# Ariens snow tires



## Ken692 (Feb 15, 2013)

Hello I have an older Ariens with the 3 bolt tire setup. I find myself slipping at the end of the driveway were the plow dumps snow on the drive. like the snow hog







but I'm not sure what size I will need or if they even fit,







can someone point me in the right direction, I think this blower is a 1973, 110000 or 220000 or h4 or h5.


Ken


----------



## Shryp (Jan 1, 2011)

With the solid rubber tires like that you are going to have a bit more trouble. You are going to have to get new rims. The good news is some of the 922xxx series did have pneumatic tires and are capable of upgrades so you should be able to find rims that fit.










Your other option is to try screwing some studs into those tires or getting some chains for them.

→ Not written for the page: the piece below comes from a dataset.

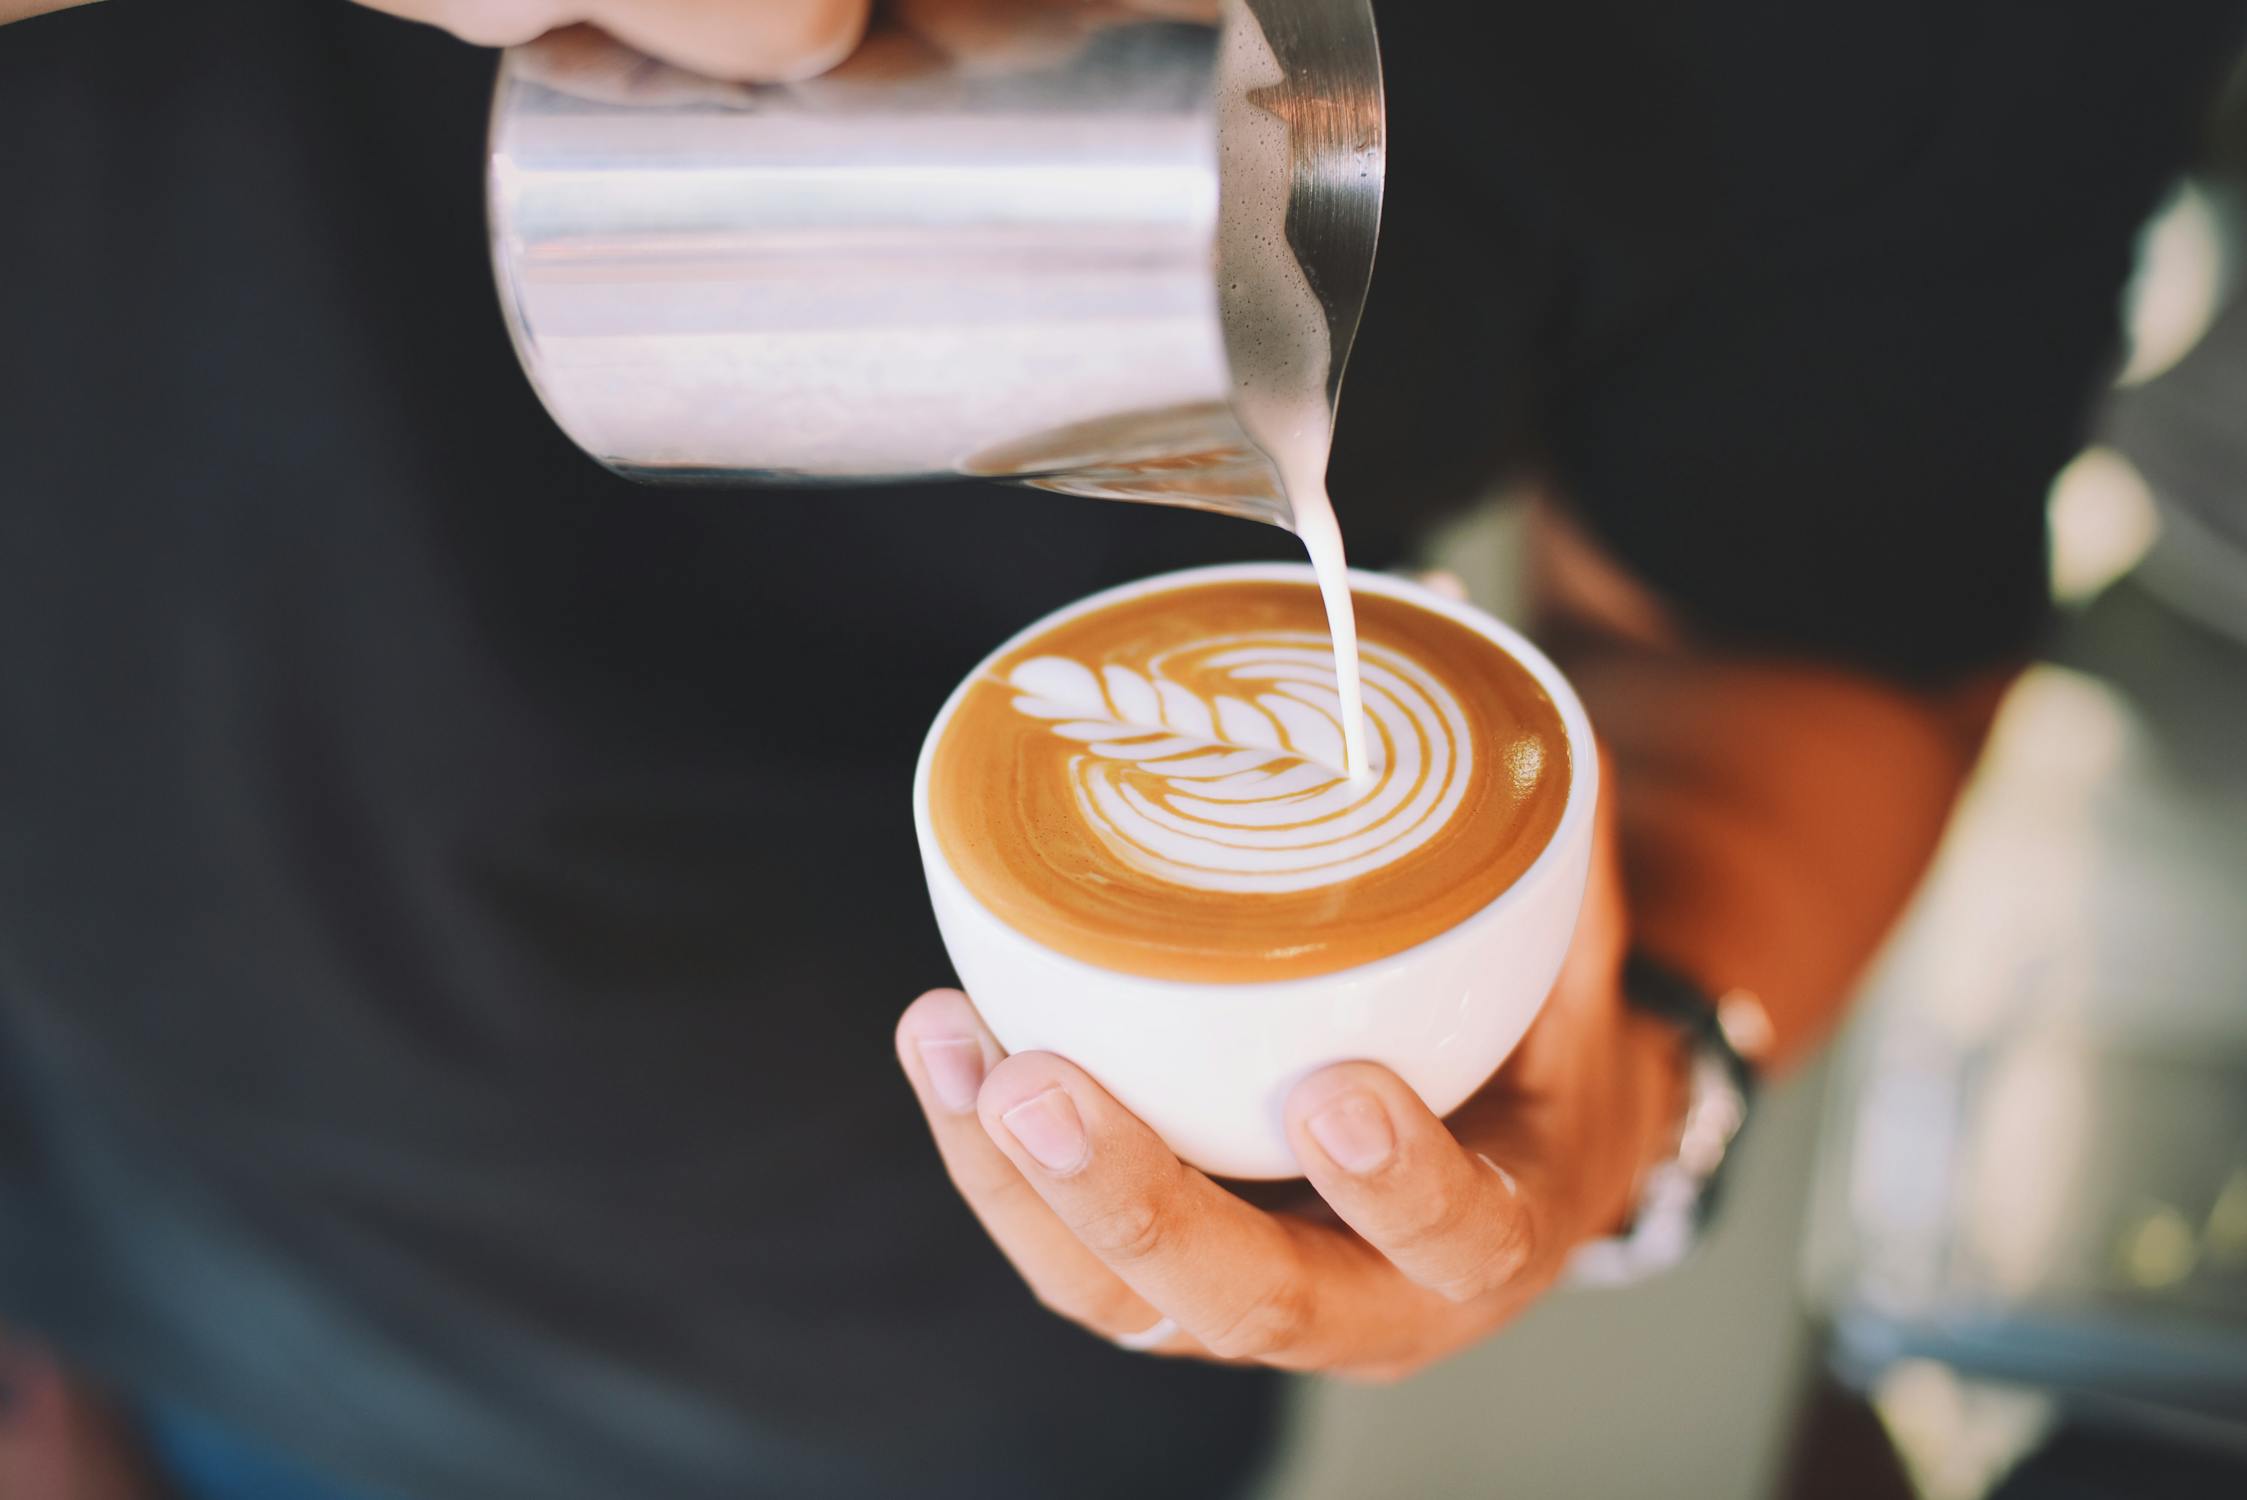 Coffee Time Photo by Chevanon Photography from Pexels: https://www.pexels.com/photo/close-up-of-hand-holding-cappuccino-302901/

Have you seen this thread?
http://www.snowblowerforum.com/forum/general-snowblower-discussion/10354-stud-not-stud.html

Another option is look for the larger 924xxx series blowers with differential and trade yours or sell it for a bigger one.


----------



## Ray 1962 10ML60 (Oct 14, 2011)

I would buy a set of pneumatic tires & rims off eBay, then swap some good tires on there like the ones you pictured. You said your wheel are have the 3 bolt hub right? They are pretty common on eBay. Or you could just wrap some tire chains on the wheels you have to help with the slipping. It like night and day with the chains on the wheels.


----------



## Ken692 (Feb 15, 2013)

wow I never had the idea to try studs, thats great. nice so I change the tire and rim with tire that have air then find snow hogs to fit, any comment on snow-hog ver another snow tire?


----------



## Shryp (Jan 1, 2011)

I have heard the X-tracks work better than the snow hogs. I have snow hogs on mine and they seem fine.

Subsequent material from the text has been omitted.